A literatura pode ser um caminho sensível para pensar futuros possíveis em tempos de crise ambiental. Na Amazônia, histórias que misturam ficção, memória e saberes tradicionais têm ajudado crianças e jovens a refletir sobre sua relação com o território e os impactos das mudanças climáticas. É desse encontro entre literatura e floresta que nasceu a ONG Vaga Lume, organização sem fins lucrativos que há mais de duas décadas constitui bibliotecas comunitárias junto com comunidades indígenas, quilombolas, ribeirinhas e rurais nos nove estados da Amazônia Legal.
Para Lia Jamra, diretora-executiva da Vaga Lume, a literatura é um convite à reflexão e à transformação. “A literatura não nos dá respostas prontas, mas desperta perguntas fundamentais. Ao vivenciar as histórias e os saberes da floresta, as crianças percebem que o clima não é uma pauta distante, mas parte da sua própria identidade”, afirma.
A curadoria dos acervos da Vaga Lume privilegia livros que abordam tanto a preservação ambiental em si quanto a relação entre o indivíduo e a natureza. Autores indígenas, quilombolas e ribeirinhos ocupam posição central, trazendo para o debate a experiência de quem vive diariamente a floresta e carrega conhecimentos ancestrais sobre preservação e modos de vida sustentáveis. “Nosso cuidado não é apenas selecionar bons livros, mas obras que provoquem reflexão. Ao valorizar autorias indígenas, quilombolas e ribeirinhas, damos centralidade a vozes que há séculos preservam a Amazônia”, diz Jamra.
Em 2025, ano em que Belém receberá a COP30, a Vaga Lume intensificou suas ações com as comunidades da Amazônia sobre temas climáticos e ambientais. Entre elas estão um intercâmbio de jovens em Castanhal (PA), que resultou em um manifesto coletivo sobre a defesa da Amazônia; um processo de escuta com as comunidades para compreender o que elas entendiam sobre mudanças climáticas; o lançamento de um guia de atividades para a Semana da Amazônia, que gerou a mobilização comunitária para atividades e discussões voltadas a refletir a importância da floresta e a sua preservação; e, durante a COP30, a inauguração de uma biblioteca conceito no Pará. “Garantir acesso a essas narrativas é também um ato político. A literatura pode ser um meio de justiça climática ao reconhecer os saberes tradicionais como parte da solução global para a crise”, frisa Jamra.

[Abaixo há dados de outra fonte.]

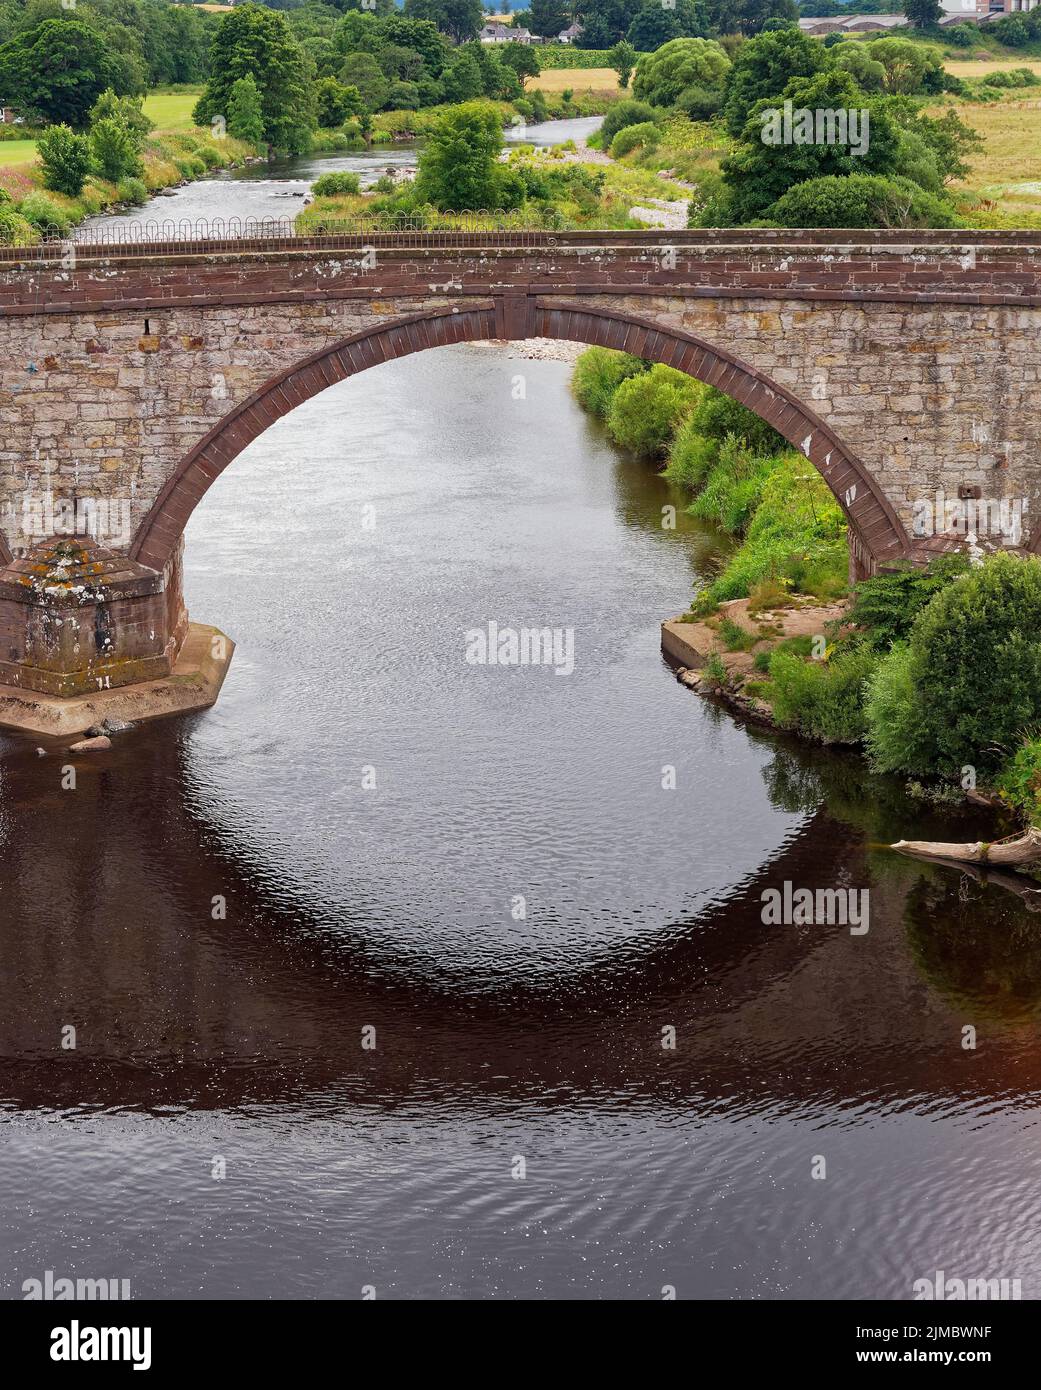 Un primer plano de uno de los arcos segmentarios del puente de agua Lower North que lleva la carretera A92 entre Arbroath y Aberdeen. Foto de stock

Mas as atividades propostas não se limitam a eventos pontuais, como a COP. Elas acontecem, sobretudo, no cotidiano das rodas de leitura em que uma narrativa sobre rios, animais ou ciclos da água abre espaço para conversas sobre pertencimento e responsabilidade com a floresta. “Uma roda de leitura é mais que compartilhar um livro: é um espaço coletivo de reflexão. Quando uma criança se encanta com a narrativa de um rio, passa a enxergar seu território com outros olhos e entende que cuidar dele é também cuidar do clima”, explica.
Outro destaque são os livros artesanais produzidos por crianças e adolescentes, moradores das comunidades e frequentadores das bibliotecas da Vaga Lume. Cada exemplar, feito à mão, reúne histórias, memórias, saberes e fazeres transmitidos entre gerações. “Esses livros mostram como ambiente, clima e vida cotidiana estão entrelaçados. Quando uma criança segura um deles, percebe que a literatura também pode nascer do lugar onde vive e que sua voz tem valor”, frisa.
Para Jamra, o poder da literatura está em abrir horizontes e provocar pertencimento. “As histórias de autores da Amazônia trazem para o centro do debate quem vive a floresta todos os dias. São narrativas que carregam conhecimentos ancestrais e mostram modos de vida sustentáveis, revelando que cuidar do território não é só uma pauta ambiental, mas também cultural e social. Quando crianças e jovens se veem representados nesses livros, fortalecem sua identidade e entendem que a preservação é parte de quem eles são”.
A proposta da Vaga Lume é transformar a leitura em espaço coletivo de reflexão e criação, no qual crianças e jovens conectam narrativas ao seu cotidiano e pensam soluções para os problemas que enfrentam. Como defende o escritor quilombola Antônio Bispo dos Santos, Nêgo Bispo, contar histórias é também um modo de valorizar saberes ancestrais e fortalecer territórios, unindo pensamento crítico e encantamento que só o livro e as conversas sobre ele produzem.